From Laboratory to Manufacturing Plant
When using liposomes for parenteral applications the requirements and facilities needed are same as other injectable preparations. Then also some specific requisites are listed below:

Lipid particle/Lipid film generation
Spray dryer - Prepared lipid particles can be stored at deep freeze condition. The second option for solvent stripping is use of rotary flask evaporator.

Injection ports
It can directly incorporate lipid solution into the hydration media. Generally set of 4-6 ports can be arranged in a continuous circular manner for efficient delivery of lipid solution. From the experiments we have strongly concluded that fast injection of lipid solution instead of slow infusion gives smaller and narrow size distribution.

Hydration Tank
It must be closed and jacketed to maintain temperature above Tg of lipid mixture and should have continuous stirring facility with speed adjustment.

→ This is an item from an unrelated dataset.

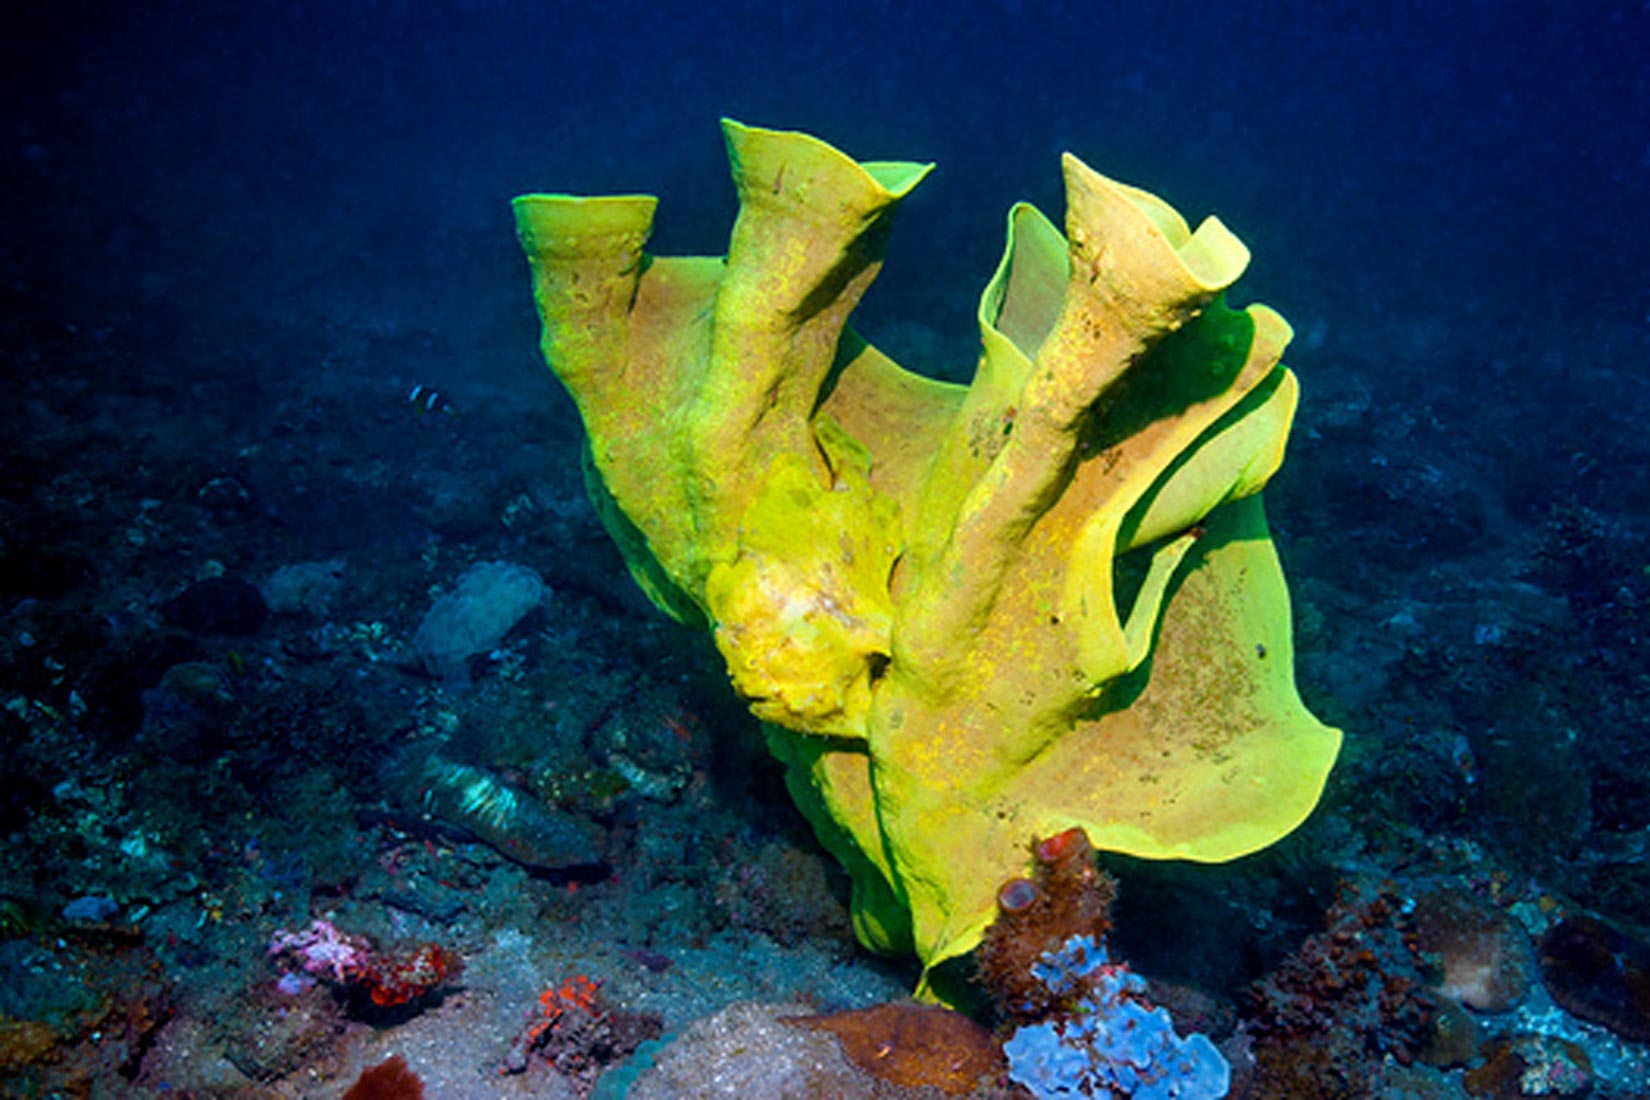 Slika prikazuje organizam spužvaste teksture koji je pričvršćen za dno morskog dna. Žute je boje.

Nitrogen supply and air supply with appropriate pressure.

Size reduction facility
High pressure homogenizer with cooling jacket and extruder assembly

Filtration unit
Liposomes used for parenteral are colloidal systems having average particle size around 150 nm. Filtration may generate pressure onto the filter membrane which necessitates a membrane to withstand the pressure during filtration.

Perspective
Most commercially viable manufacturing is getting evolved with increase in demand for liposomal drugs. It is still in its infancy and needs optimization of parameters at each stage of manufacturing process and simultaneously, it allows the industries and researchers to patent their efforts. Still, it is a long way to go before dreams are realised in a most optimal manner.